Module aggfunc

Module aggfunc 

Source
Expand description

The aggfunc module is the central module for computing statistics from a stream of records.

The central component of this is a trait called Accumulate that implements a new function on initialization, an update function to add a new record, and a compute function to compute the final value of the aggregation. This trait requires two types, an input type (which is used by the new and update functions) and an output type.

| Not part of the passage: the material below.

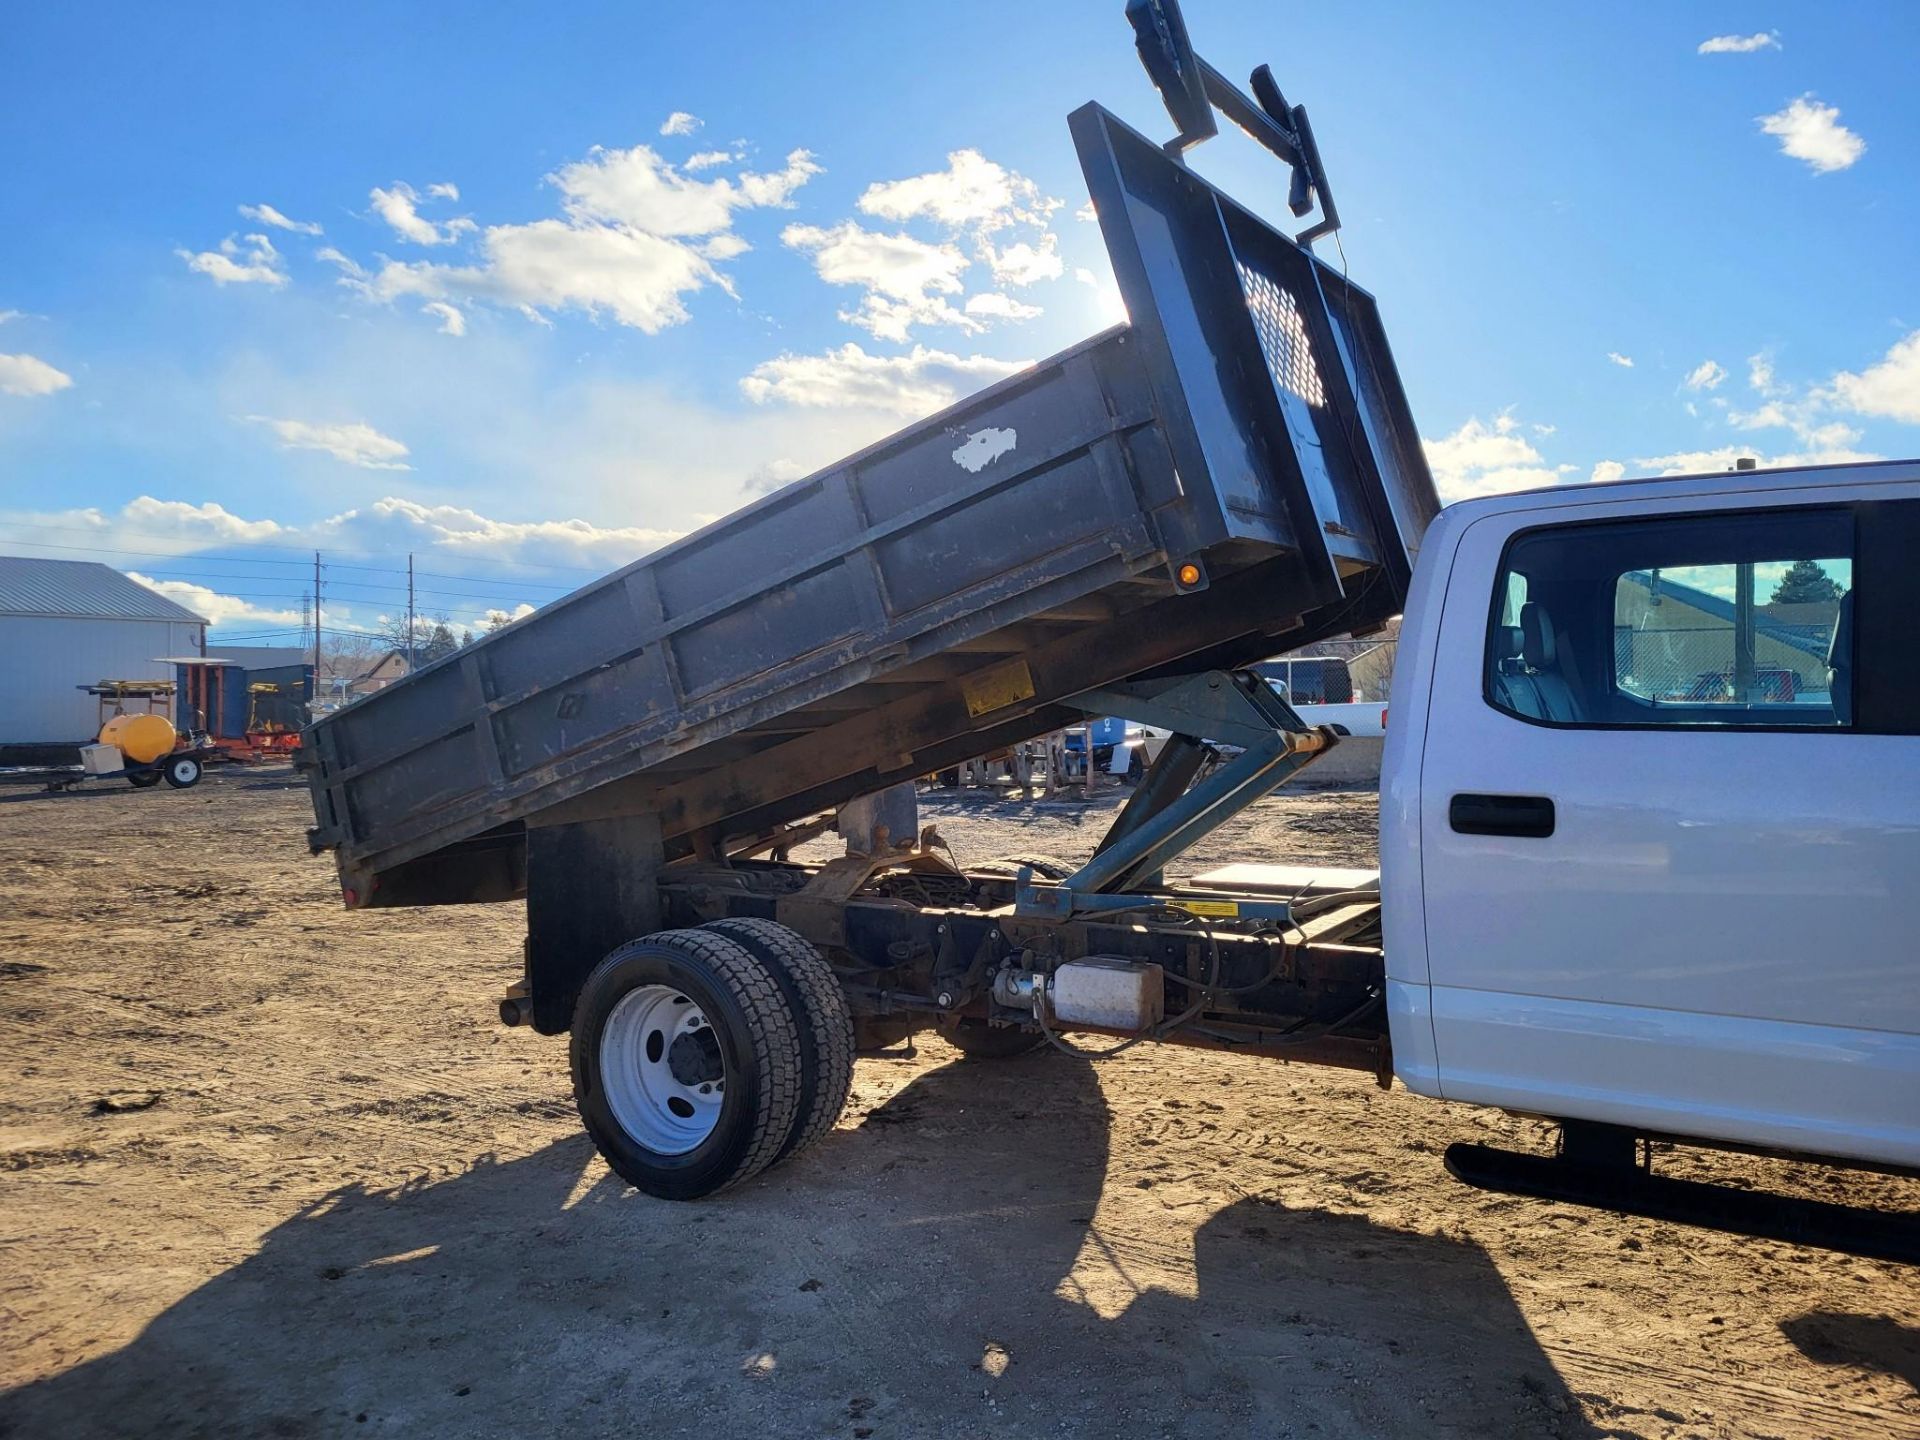 2019 FORD F550 CREW CAB DIESEL DUALLY DUMP TRUCK 31,872 MILES - Image 32 of 34

Internally, all of the structs implementing this trait are used in the main aggregation module with the input type bounded by FromStr so the tool can convert from string records to the internal data types that these aggregation types manipulate. And the output type is bounded by Display so the tool can write the outputs to standard output.

Structs§

Count
The total number of records added to the accumulator.
CountUnique
The total number of unique records.
Maximum
The largest value (or the value that would appear last in a sorted array)
Mean
The mean. This is only implemented for DecimalWrapper, though it could probably be extended for floating point types.
Median
The median value. I’ve stored values in a BTreeMap in order to minimize memory usage. As a result, this is the least performant of all the functions (running at Nlog(m), rather than the N of all the other algorithms (where m is the number of unique values in the accumulator).
MinMax
A combination of the minimum and maximum values, producing a string concatenating the minimum value and the maximum value together, separated by a hyphen.
Minimum
The minimum value
Mode
The most commonly appearing item.
Range
The range, or the difference between the minimum and maximum values (where the minimum value is subtracted from the maximum value).
StdDev
Computes the sample variance in a single pass, using Welford’s algorithm. The attributes in this method refer to the same ones described in Accuracy and Stability of Numerical Algorithms by Higham (2nd Edition, page 11).
Sum
The running sum of a stream of values.

Traits§

Accumulate
Accumulates records from a stream, in order to allow functions to be optimized for minimal memory usage.